### REQUIREMENT
For this task, extract exactly the lines of the data below, from the line containing "Yandex.taxi ಅಪ್ಲಿಕೇಶನ್ನಲ್ಲಿ ಟ್ಯಾಕ್ಸಿ" through the last one, with pictures left out.

### INFORMATION SHOWN
##############################

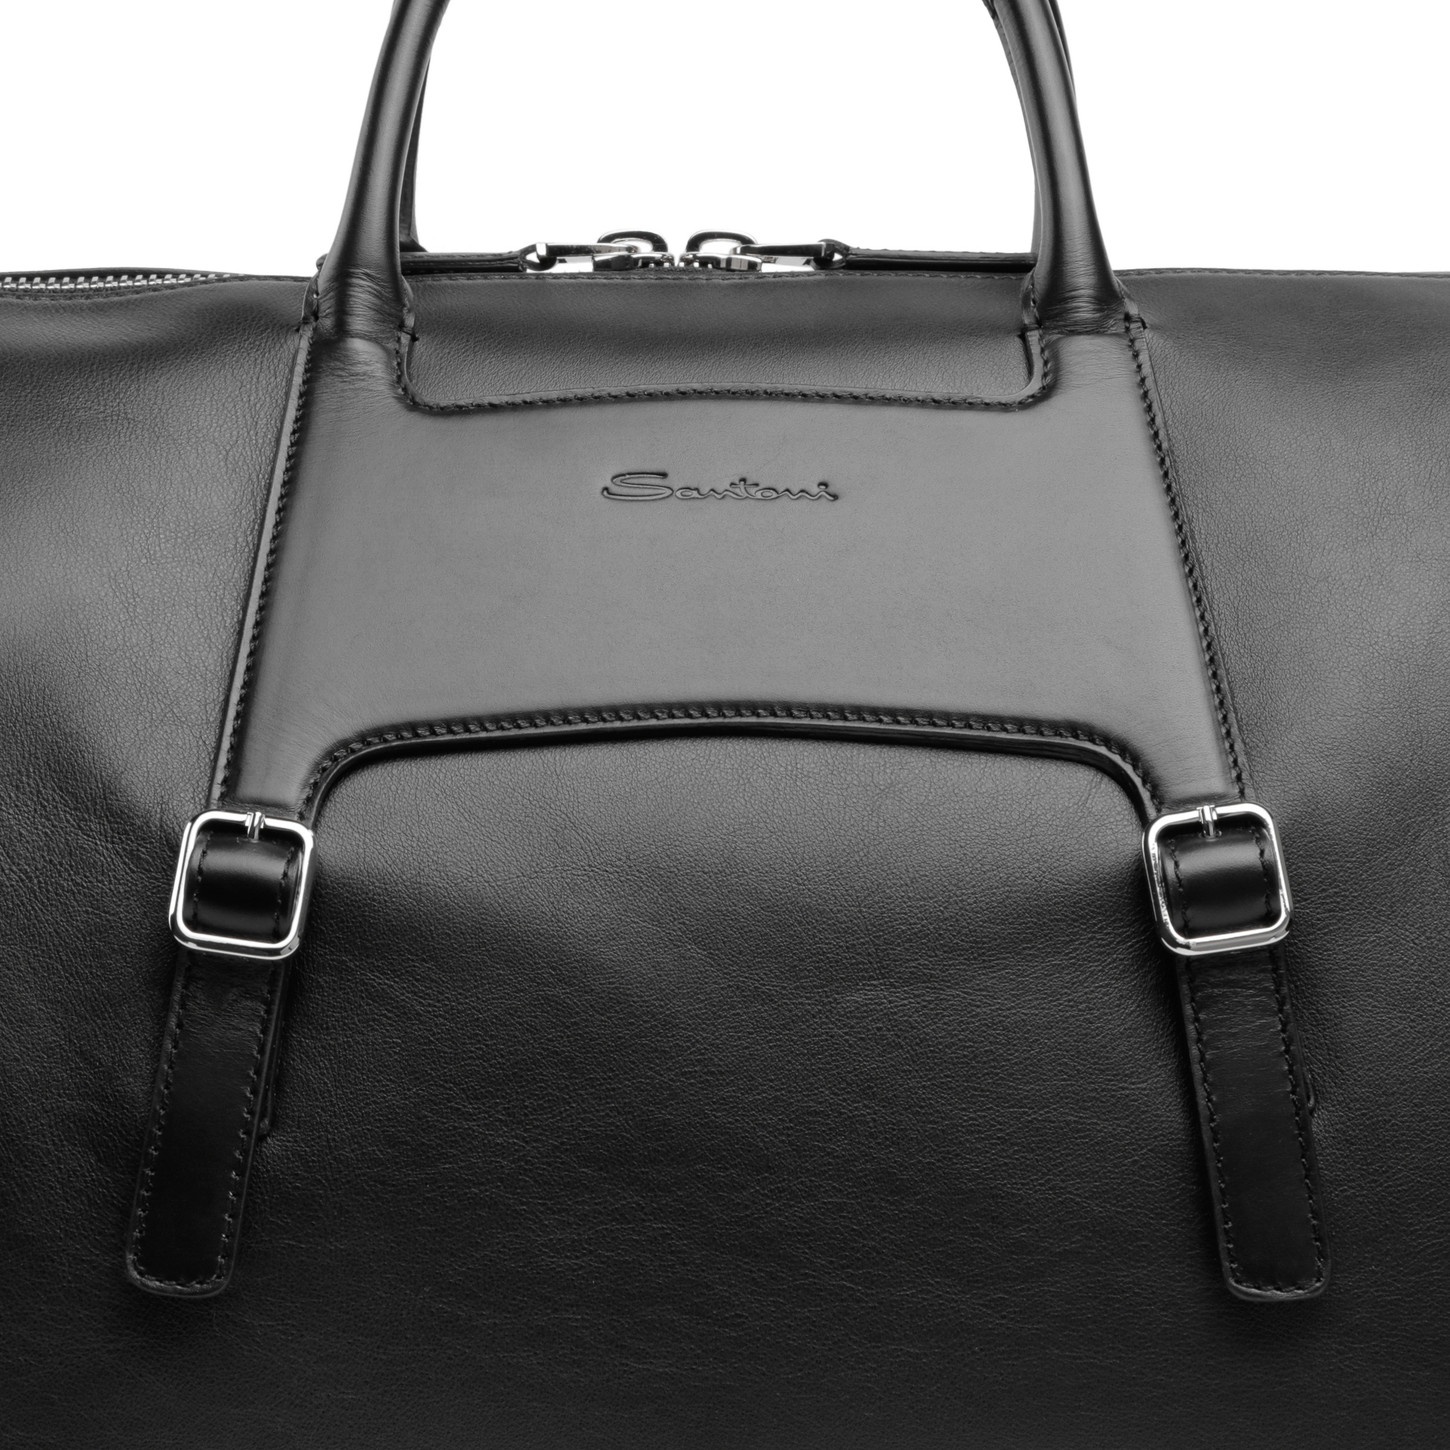 Black leather weekend bag - 6
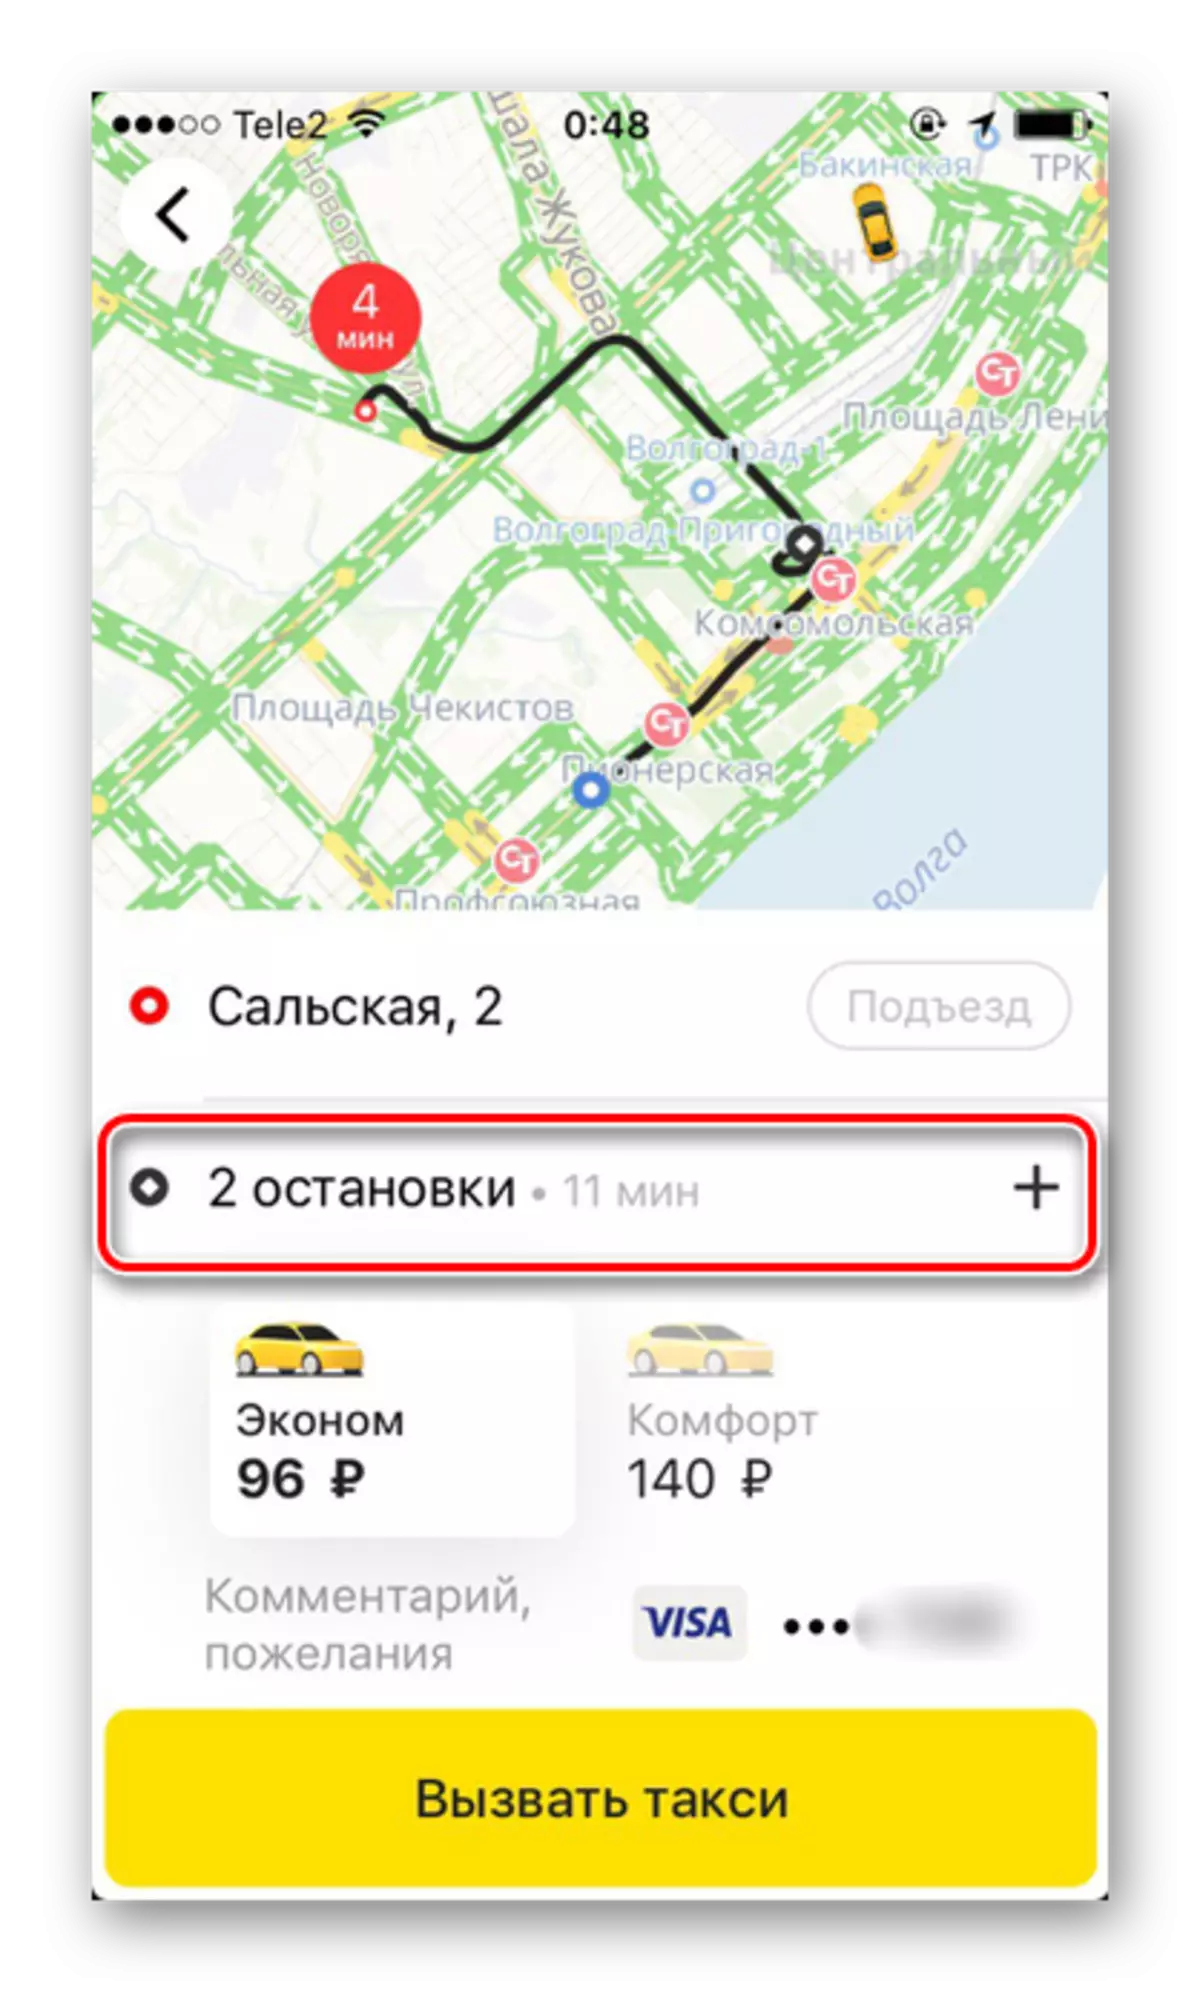 Yandex.taxi ಅಪ್ಲಿಕೇಶನ್ನಲ್ಲಿ ಟ್ಯಾಕ್ಸಿ ಅನ್ನು ಆದೇಶಿಸುವಾಗ ಬಹು ನಿಲ್ದಾಣಗಳೊಂದಿಗೆ ಒಂದು ಸಂಕೀರ್ಣ ಮಾರ್ಗ
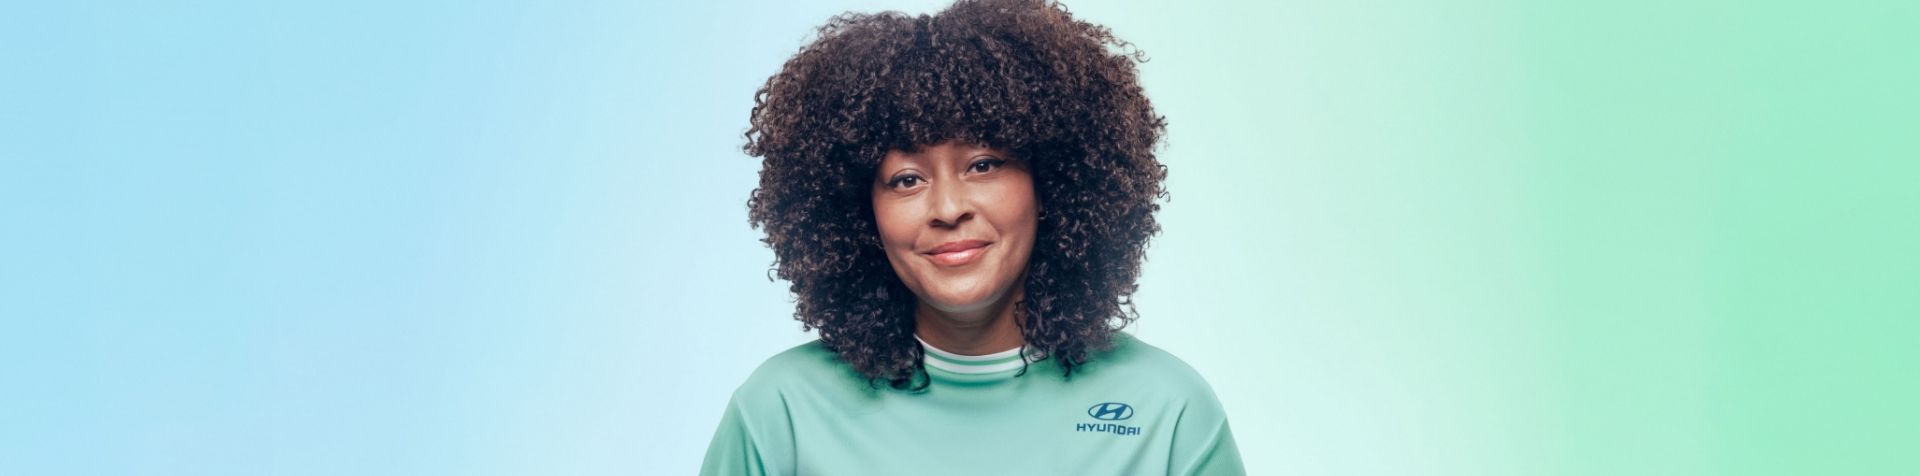 니키 우의 얼굴이 클로즈업 된 사진입니다. 그녀는 곱슬머리에 현대자동차의 로고가 새겨진 연두색 Team Century 유니폼을 입고 있습니다.

##############################

### ANSWER BOX
 Yandex.taxi ಅಪ್ಲಿಕೇಶನ್ನಲ್ಲಿ ಟ್ಯಾಕ್ಸಿ ಅನ್ನು ಆದೇಶಿಸುವಾಗ ಬಹು ನಿಲ್ದಾಣಗಳೊಂದಿಗೆ ಒಂದು ಸಂಕೀರ್ಣ ಮಾರ್ಗ
 니키 우의 얼굴이 클로즈업 된 사진입니다. 그녀는 곱슬머리에 현대자동차의 로고가 새겨진 연두색 Team Century 유니폼을 입고 있습니다.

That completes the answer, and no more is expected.